__EXERCISE INSTRUCTIONS__
Output nothing except the lines from the one containing "allah muhammad nombre" through the final line of the data, both included, typed exactly, minus the pictures.

BEGIN COLLECTED DATA

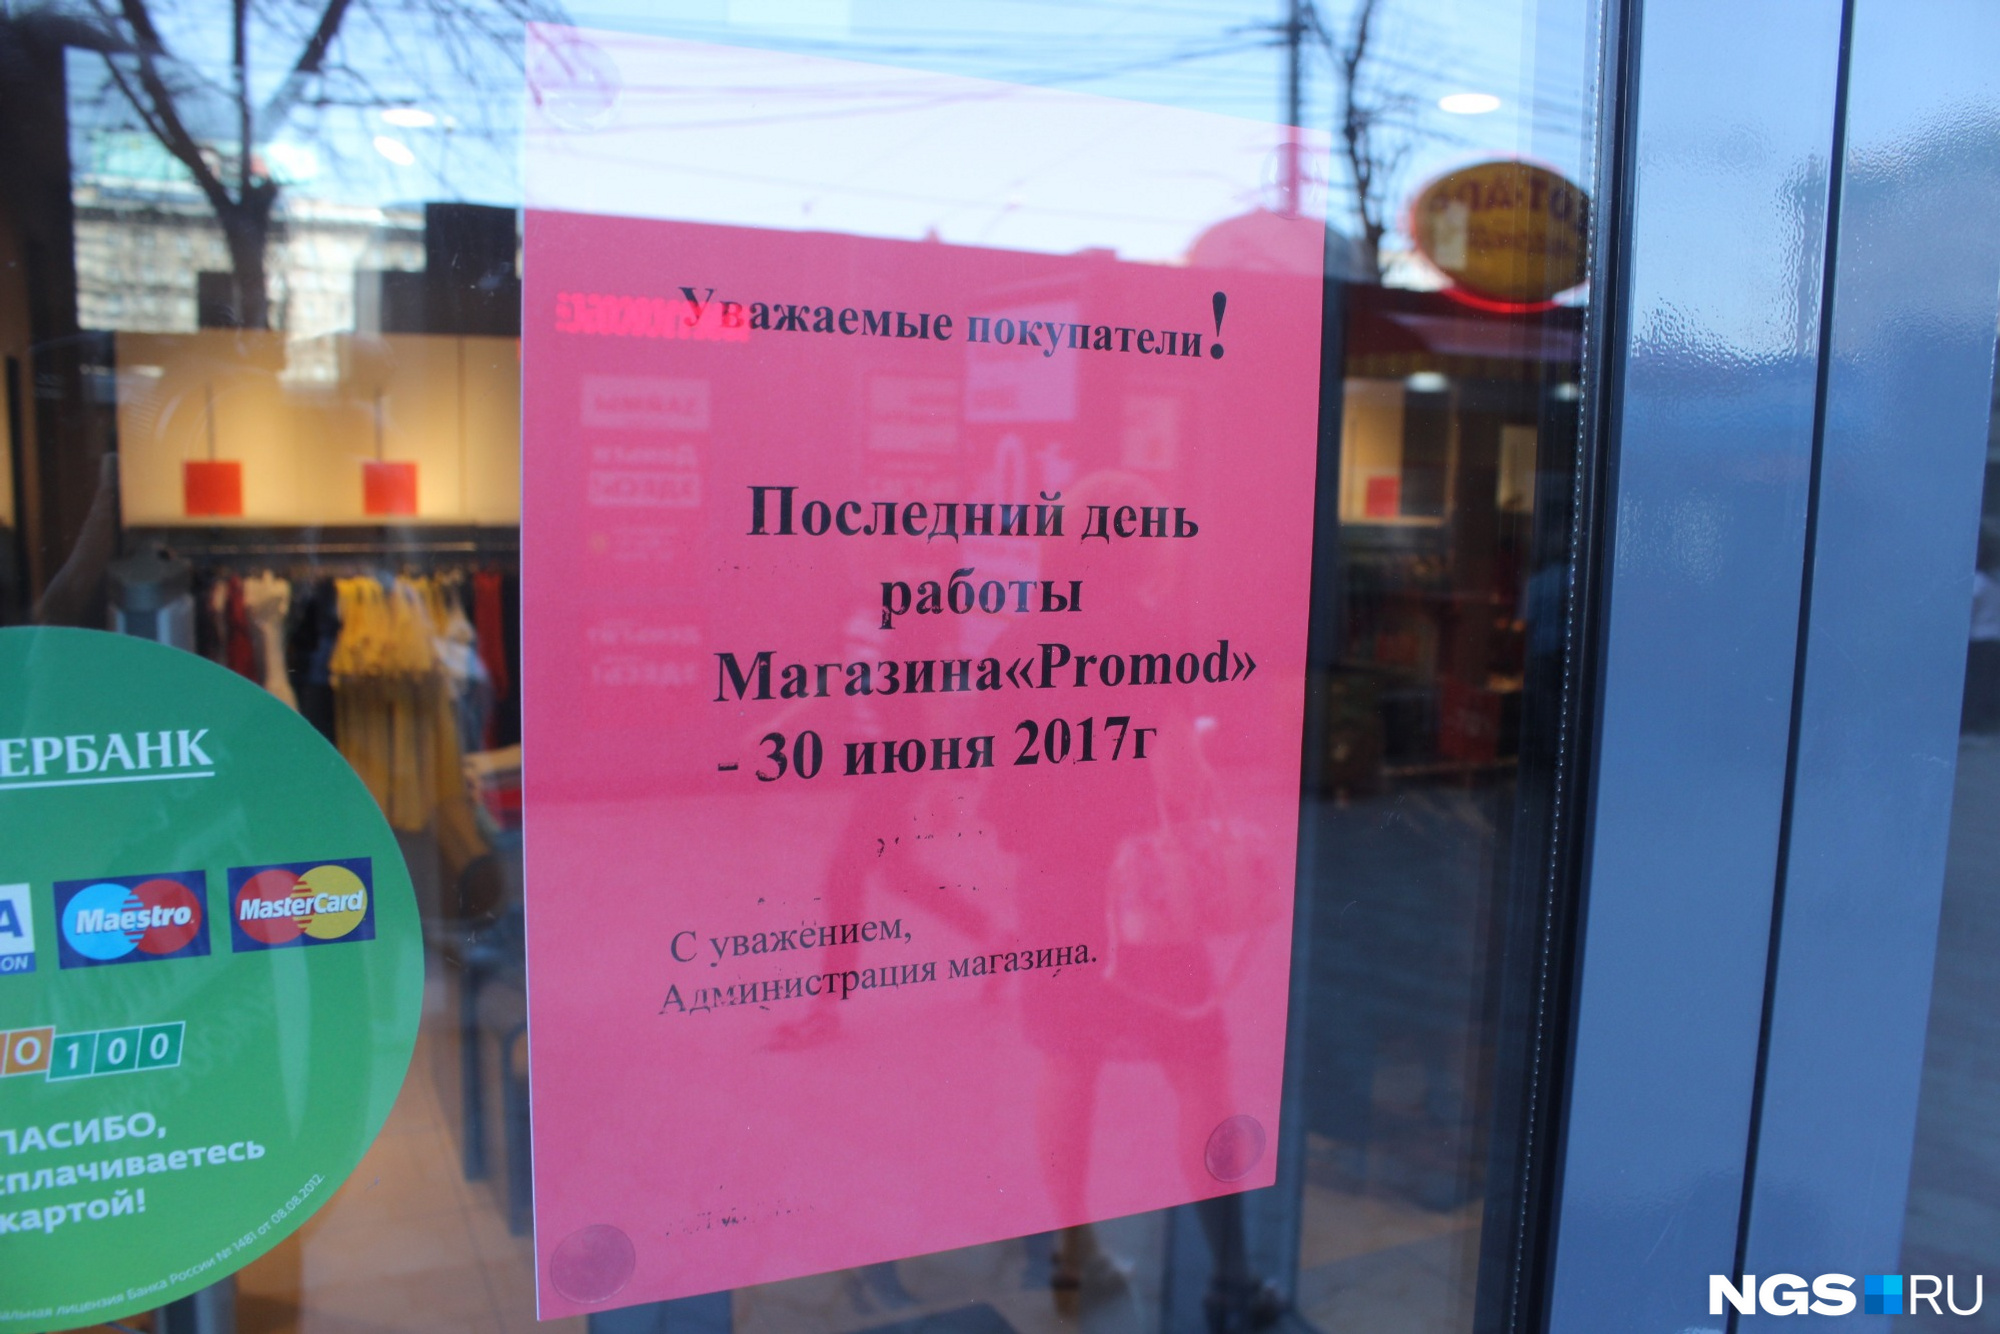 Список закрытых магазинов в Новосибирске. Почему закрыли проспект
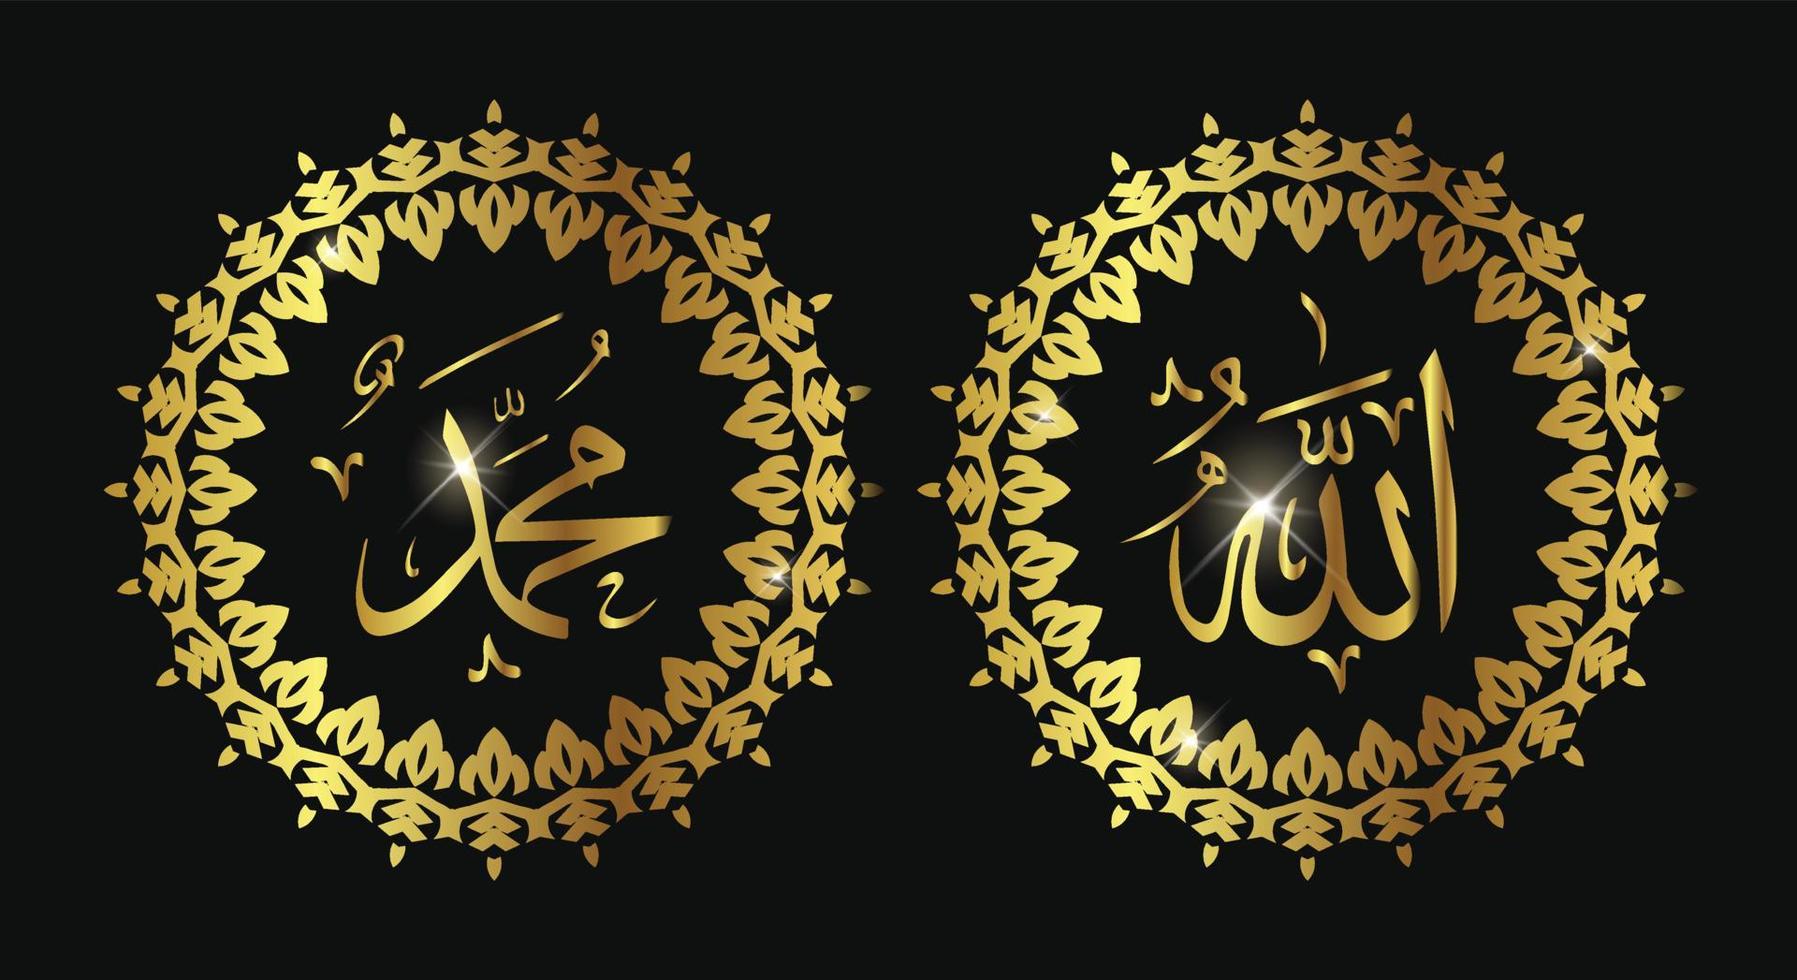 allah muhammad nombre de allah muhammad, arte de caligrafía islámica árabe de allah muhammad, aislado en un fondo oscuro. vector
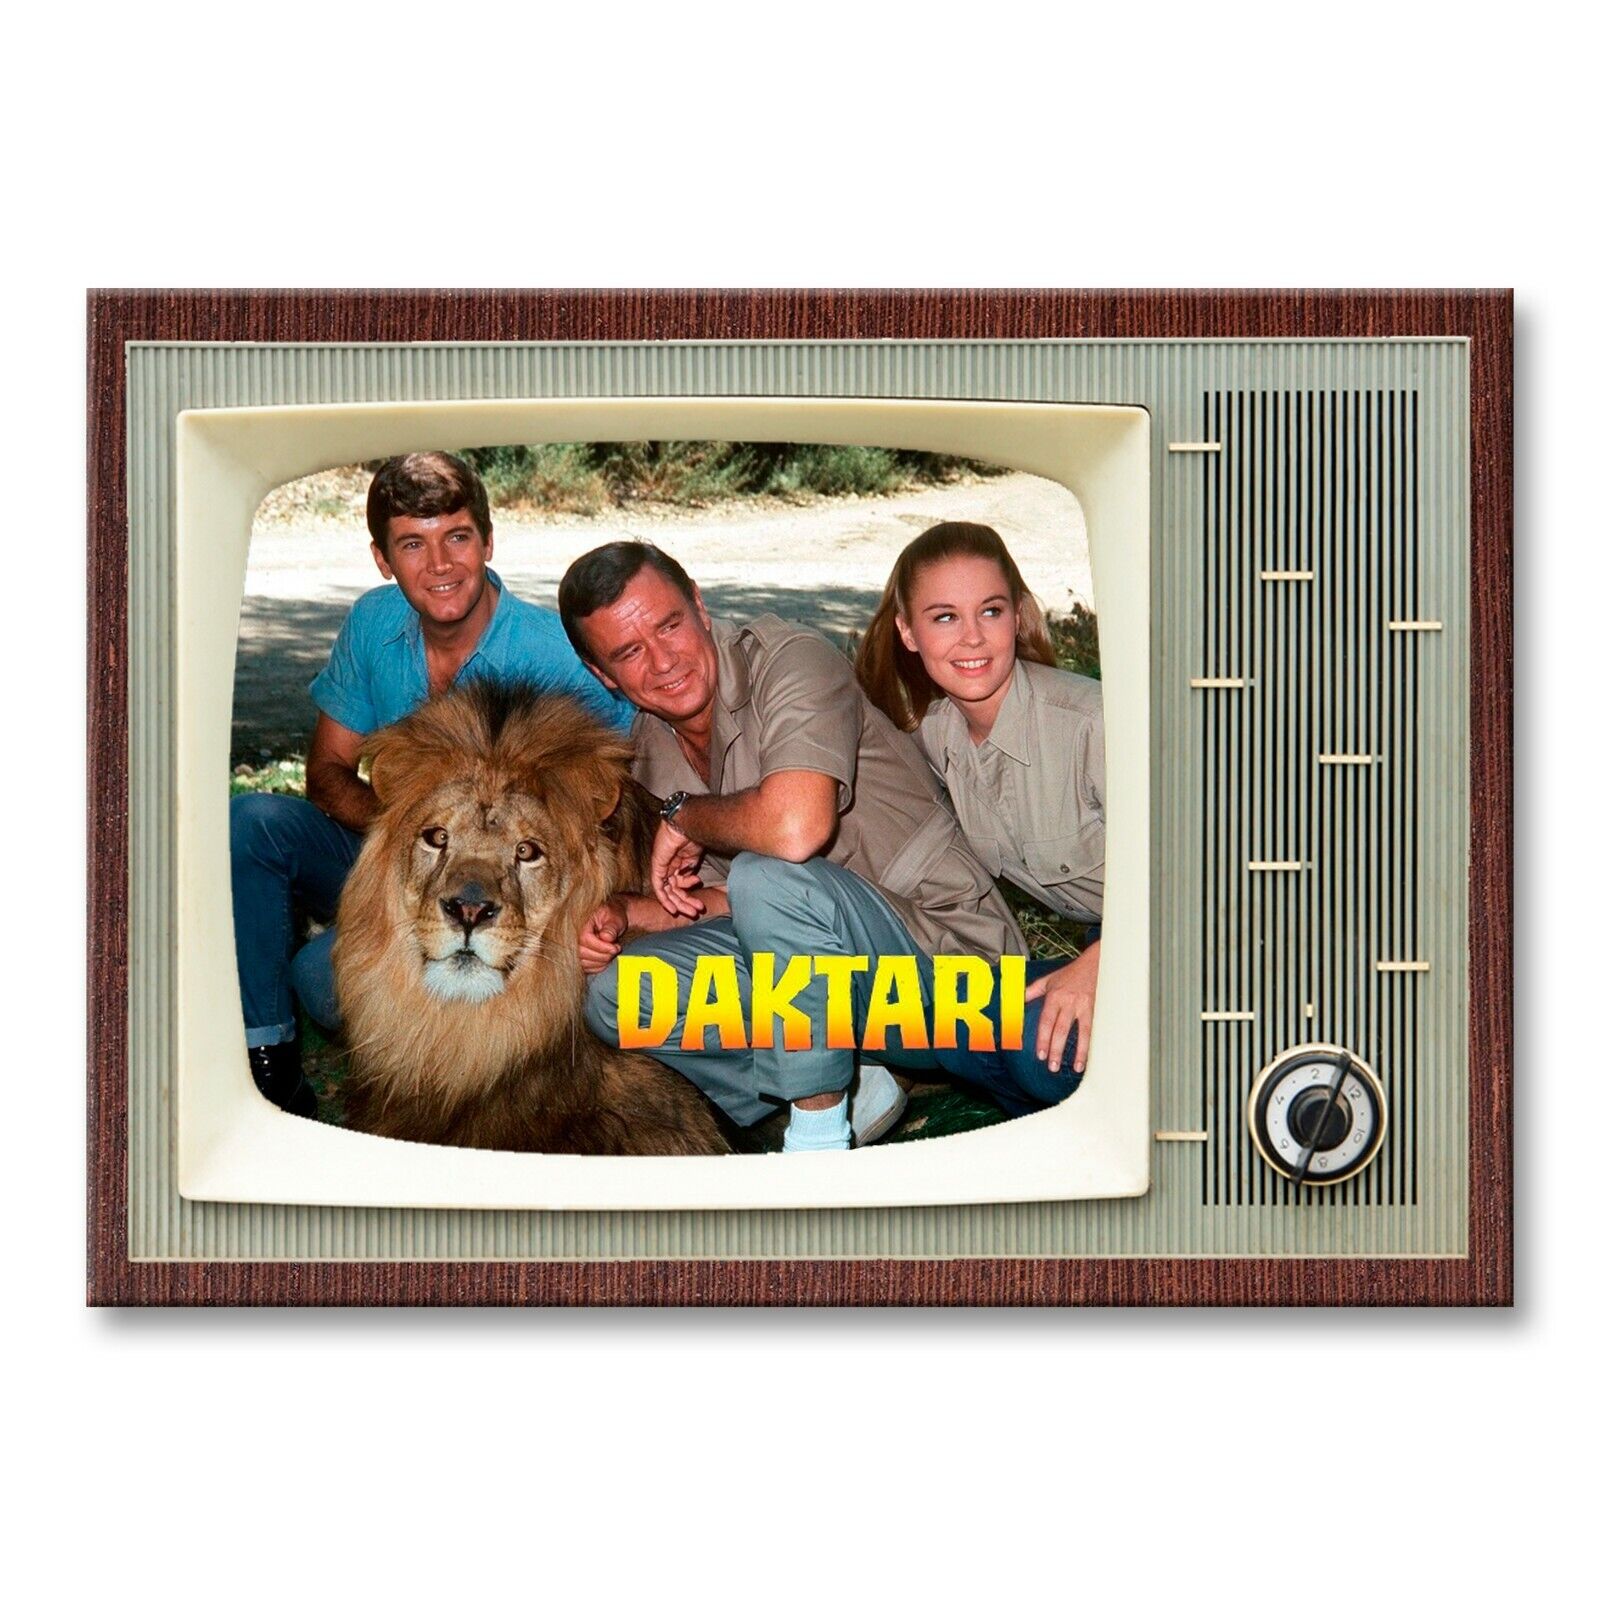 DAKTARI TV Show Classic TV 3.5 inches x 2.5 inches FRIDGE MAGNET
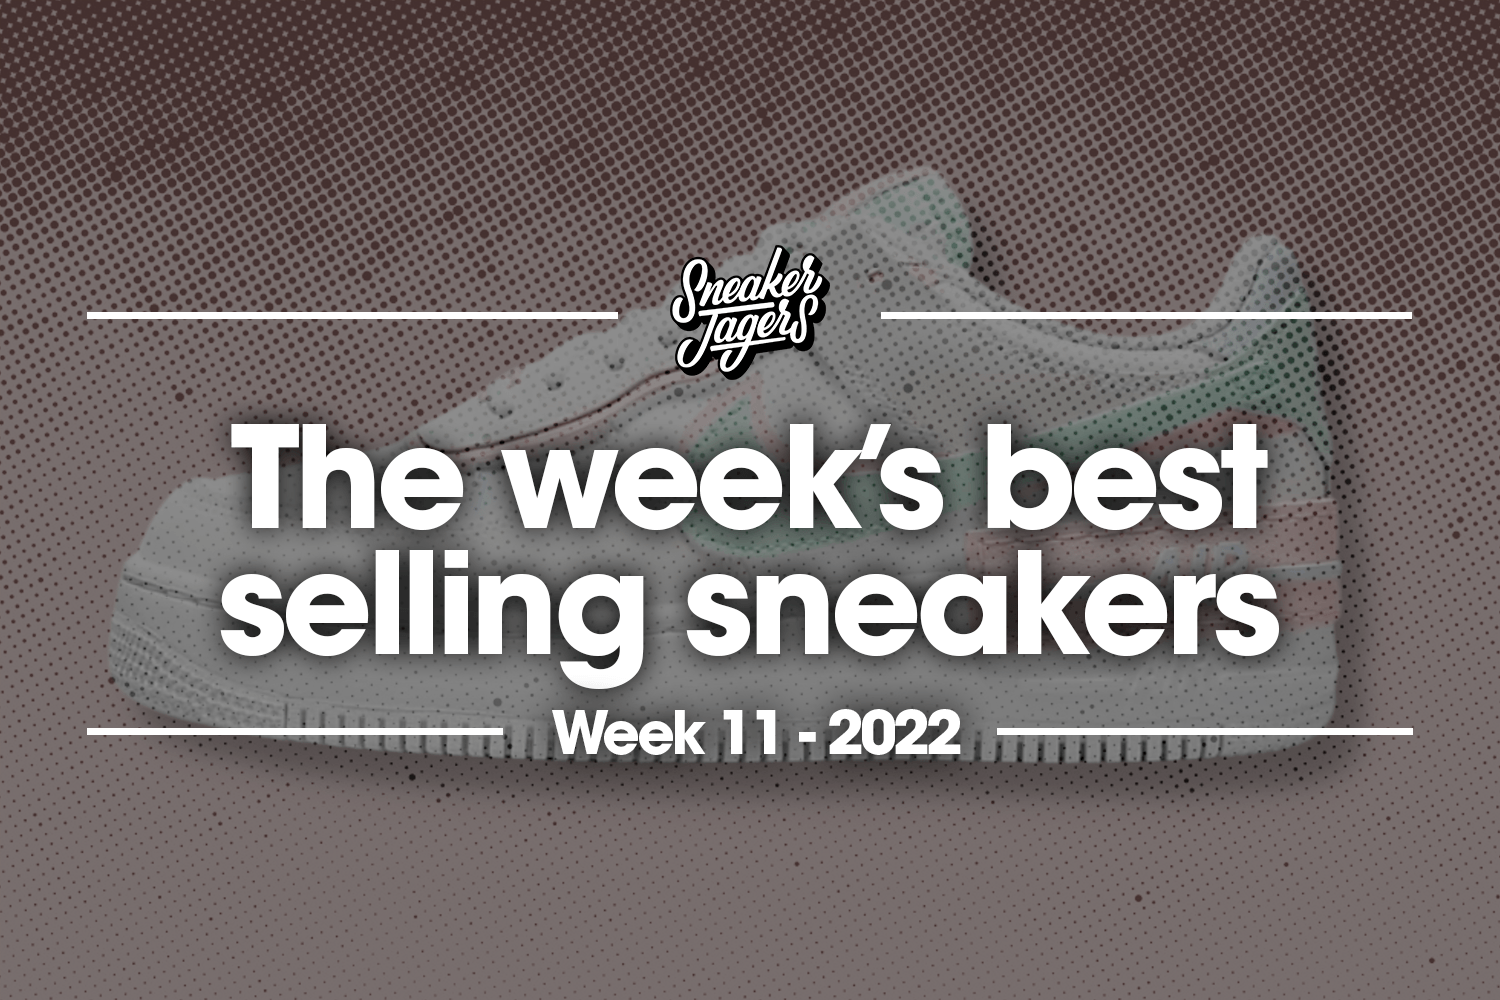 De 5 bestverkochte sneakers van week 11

END COLLECTED DATA

__ANSWER SECTION__
 allah muhammad nombre de allah muhammad, arte de caligrafía islámica árabe de allah muhammad, aislado en un fondo oscuro. vector
 DAKTARI TV Show Classic TV 3.5 inches x 2.5 inches FRIDGE MAGNET
 De 5 bestverkochte sneakers van week 11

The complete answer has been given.